Что значит «удобно»? Прежде всего надо задавать вопрос — целесообразно ли заданное движение. Целесообразно было всегда. Теперь о физическом удобстве. Положение тела на съемках может быть самое замысловатое. Но, как ни парадоксально, какой-нибудь сложный «выверт» способен облегчить выполнение задания. Вот один пример. Снималась сцена «Исповедь» к третьей серии. Я — в роли Евстафия — должен был выходить из низкой двери, разгибаться и петь при этом (все на крупном плане!). Крупный план в движении — это редко бывает, и к тому же сложно технически. После репетиции, когда рисунок роли в этой сцене стал ясным, Эйзенштейн сказал:

— Теперь займемся техникой. Тебе надо на крупном плане пройти из правого нижнего угла в левый верхний. Тебе не помешает, если ты сделаешь так? Расставь ноги, согни одну в колене, а потом выпрямляйся и переноси центр тяжести на другую ногу…

Это оказалось удобным, я так и сделал. На репетиции присутствовала одна актриса. Она сказала мне потом:

— Это кощунство. Как он может оправдать согнутые ноги…

Но ведь это и не нужно оправдывать! Я же не думаю в это время о согнутых ногах — я забочусь о внутреннем состоянии. А подсказка режиссера помогает мне выразить «вовне» это состояние, без ущерба для кадра. Кроме того, работа актера в кино отличается от работы в театре. На сцене, где видна вся фигура, в самом деле нужно было бы обосновать, как расположены ноги. А тут снимается крупный план лица, зрителю мои ноги не видны — и пусть они хоть на коленях стоят, лишь бы мне лицом сыграть что нужно.

(Кстати, Эйзенштейн терпеть не мог слова «оправдывать». Он говорил: «Это преступник оправдывает свои поступки, а актер — обосновывает!»)

Удобно ли это актеру? Если он не обладает необходимой техникой, не владеет своим телом — ему в любом положении будет неудобно. А если даже немного неудобно сначала — надо преодолеть это. Сам же потом радоваться будешь, глядя на экран.

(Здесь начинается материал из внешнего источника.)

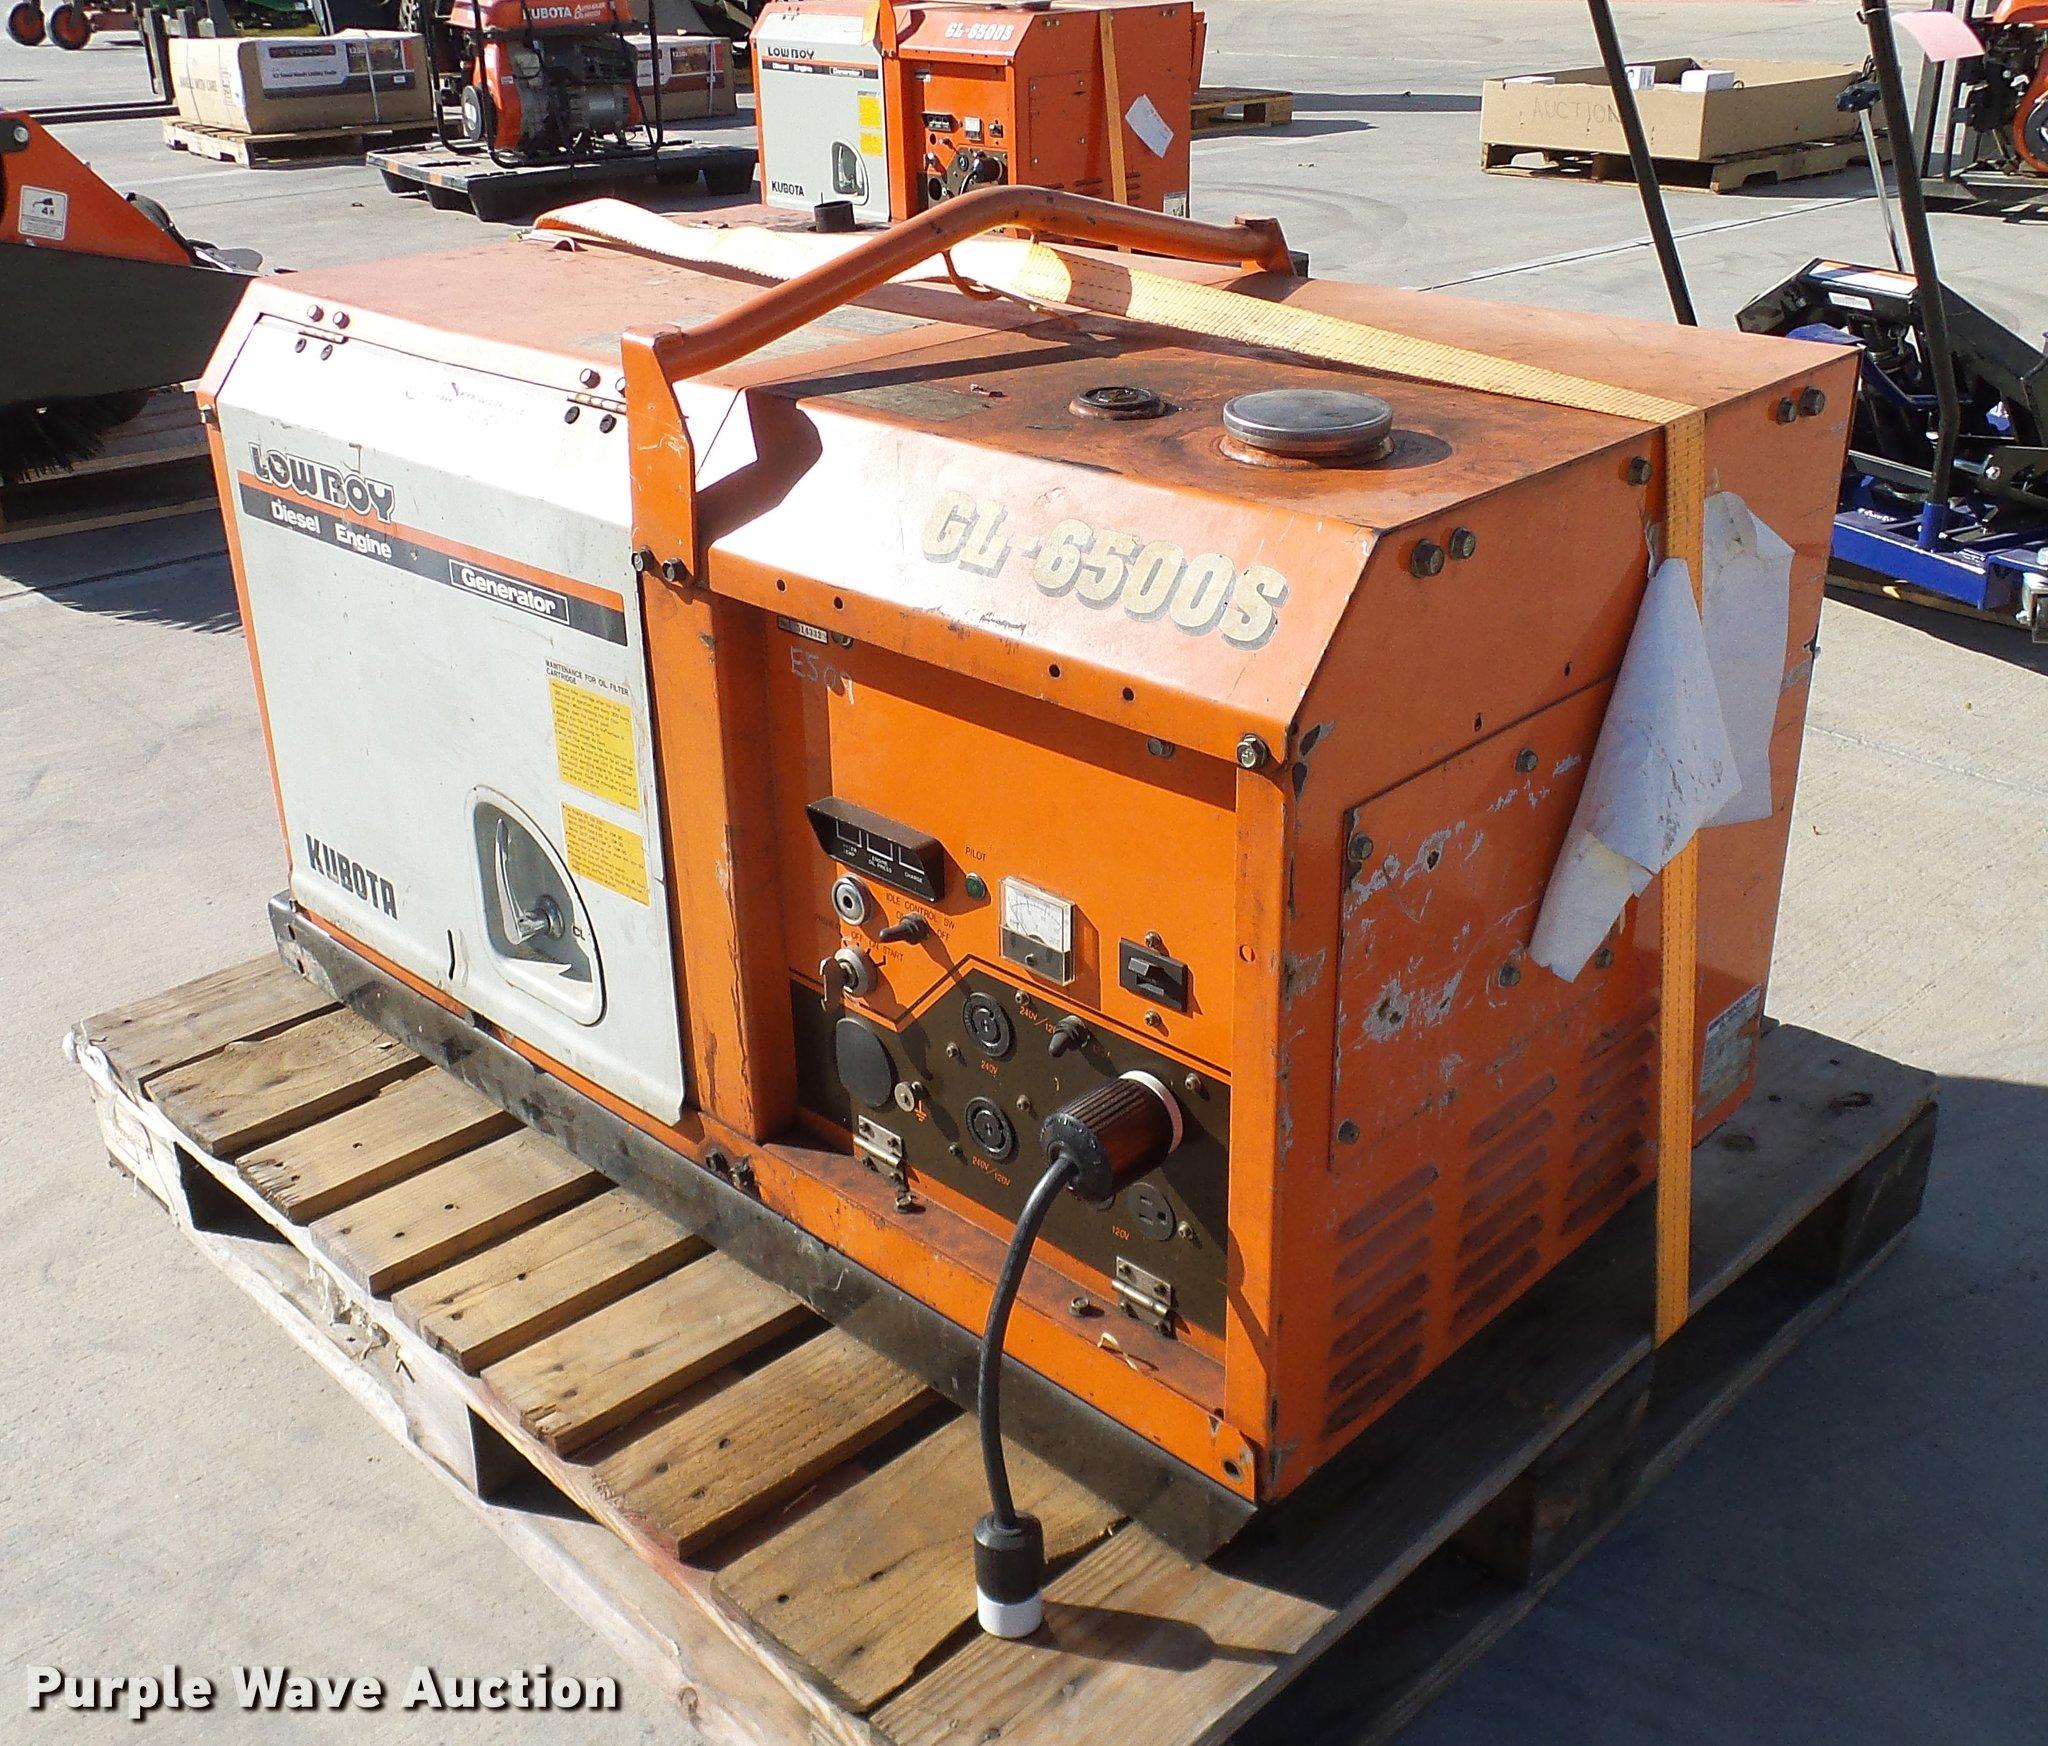 kubota gl6500s generator item az9296 sold! december 27 v kubota cooling system diagram az9296 image for item az9296 kubota gl6500s generator

Вопреки всем легендам, Эйзенштейн свободы актера не сковывал. Иные режиссеры приходят на репетицию, а сами еще не знают, чего они хотят. Такие предлагают актеру: «Давайте почитаем» — и ждут, что актер сам придумает, цепляются за его предложения. А актеры любят это! Эйзенштейн был не таков, он уже так прожил роль, так проиграл ее в своем сознании, что видит ее и в целом и в деталях, предлагает выношенное. Вот тут-то и нужно понять его, прожить вместе с ним. И тогда, сам того подчас не замечая, приходишь к тому, что ждет Эйзенштейн, и ощущаешь радость творчества и полную свободу.

Но некоторые актеры больше всего любят свои придумки, не очень считаясь с тем, соответствует ли это замыслу в целом. С такими актерами Эйзенштейну было трудно, и им было трудно с ним. Наверно, отсюда родилась легенда о том, что Эйзенштейн «давит» на актера. Что касается меня, то я не чувствовал над собой никакого насилия — мне было легко. Я принял замысел Эйзенштейна, и внутри общего рисунка роли он давал мне полную инициативу для импровизаций и предложений. Лишь бы они шли в том же направлении, что и его замысел. Я приводил пример с ловлей мух. Вот другой. В эпизоде пира, сидя на троне, я икнул. Эйзенштейн тут же весело закричал:

— Натурализм! Но это правильно.

И оставил «мой» дубль в фильме.

Ансамбль очень разных по воспитанию и опыту актеров потому и получился, что фильм был заранее точно продуман и выполнен Эйзенштейном. У него загодя было определено место каждого человека. И он вдувал свою душу в этих очень разных людей, которые могли бы и не «смонтироваться», играй они «свободно». А половинчатости, непринципиальности, компромиссов Эйзенштейн не признавал. Даже в мелочах.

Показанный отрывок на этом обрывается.